The Travel Guide to the Peninsula de Nicoya, Costa Rica, with detailed Maps, Hotels and Tourist Information
The beaches of Playa Coyote are bisected by the Rio Jabillo and its mangrove estuary. To get from the southern (Punta Coyote) to the northern Playa Coyote (Costa de Oro) you must drive 5 km inland via San Francisco de Coyote.
The southern beach, called Punta Coyote, is in a large bay, fringed by a palm grove with a well tended picnic area and camping facilities.
The tranquil waters here are perfect for children and non-swimmers. The bay is so shallow that at low tide the beach is a 200 meter broad expanse of powdery sand while at high tide it is almost non-existent.
At the northern end of Playa Punta Coyote is the estuary of the Rio Jabillo where you can watch
waterfowl like egrets and herons.
Sometimes you can also spot crocodiles basking on the river banks.
To the south the rocky promontory of Punta Coyote closes off the adjacent beach of Playa Caletas which belongs to the Caletas Ario Wildlife Refuge. The reserve was established in 2006 to protect one of Costa Rica's most important nesting sites for sea turtles.
Surfers can rent boards at Tanga's beach restaurant to surf in front of Punta Coyote, a 20 min walk around the rocky headland. The left and right reef breaks are best when the swells pick up from the south.

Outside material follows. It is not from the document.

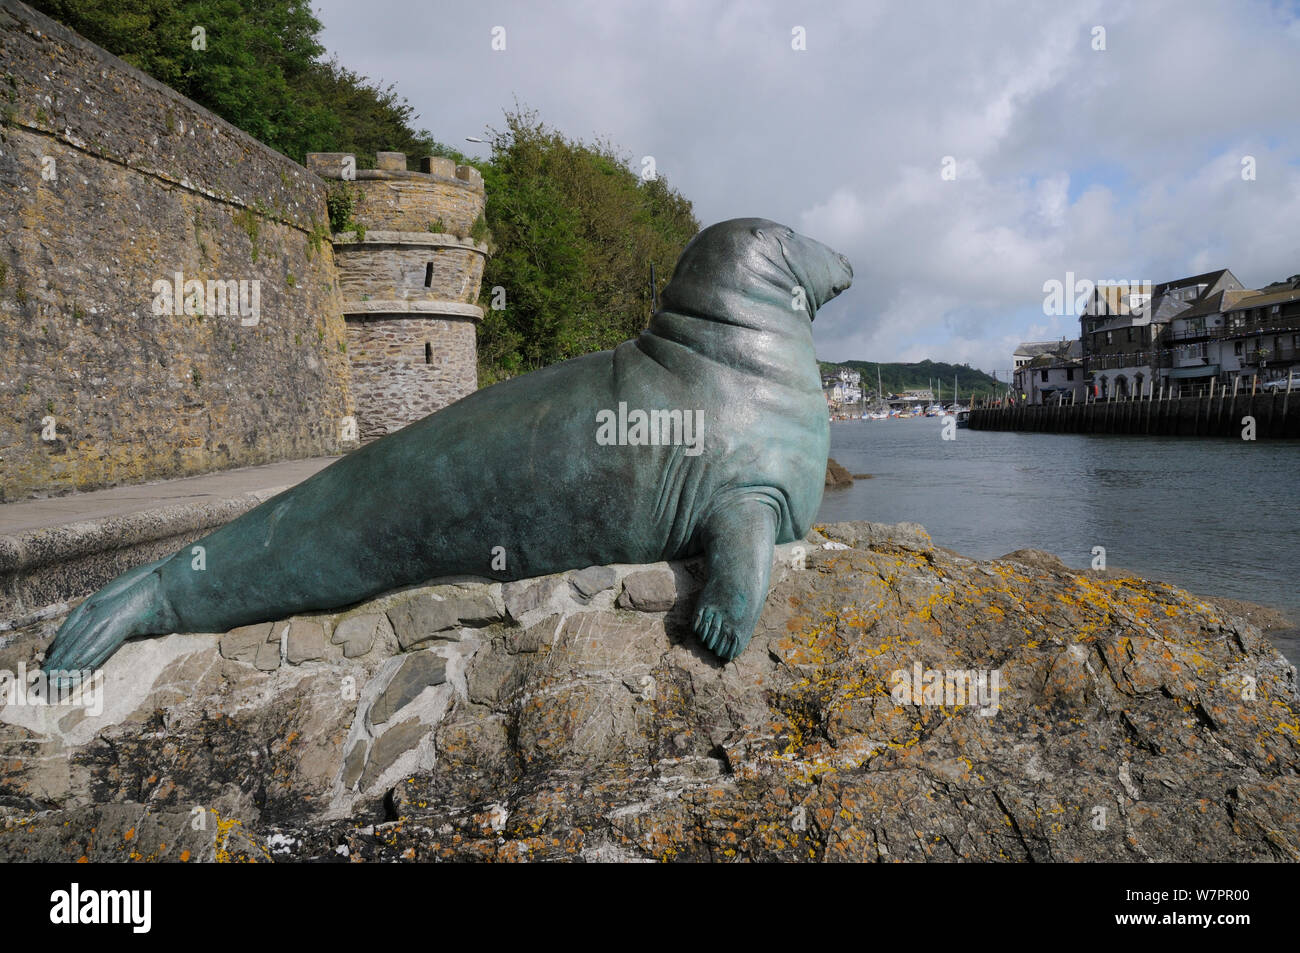 Estatua de bronce en memoria de 'Nelson' un toro junta gris que frecuentaban Looe isla y puerto, Looe, Cornwall, Reino Unido, junio de 2012 Foto de stock

Five kilometer on the road inland, San Francisco de Coyote is a small village with some shops, cabinas and restaurants. A daily bus goes to San Jose and also serves the beaches of Bejuco and Playa San Miguel. Other buses connect to Jicaral and the ferry in Playa Naranjo, but there is no public transportation to Mal Pais, Santa Teresa or Montezuma. See: » Road description from Coyote to Santa Teresa
If you continue north, towards Samara, seven km past San Francisco de Coyote a road to the left leads to Playa San Miguel. There is no village or shops, only one or two bars and some vacation homes.
The beach with fine gray sand stretches for several miles and is deserted for most of the time.
Swimming in the ocean is not recommended as there are strong rip tides, but you find a great, picturesque lagoon for bathing and swimming at the southern end of San Miguel.
Here you can wallow in calm, chest deep water and watch egrets, herons and pelicans catching their fish.
Playa San Miguel offers good surfing at low to medium tide, with bigger swells waves tend to close out.
The untouristy character of this area is the biggest attraction for those who crave solitude on the beach and in the waves.
There aren't many hotels in Playa San Miguel but you can find lodgings with personalized attention and activities ranging from kayak tours into the mangroves to surf lessons, horseback riding, sport fishing, or a visit to a nearby butterfly farm.
From Playa San Miguel to Samara you continue north on the coastal road, passing through the quiet hamlets of Bejuco, Pueblo Nuevo, Playa Islita and Camaronal, until you reach the paved road near Playa Carrillo / Samara.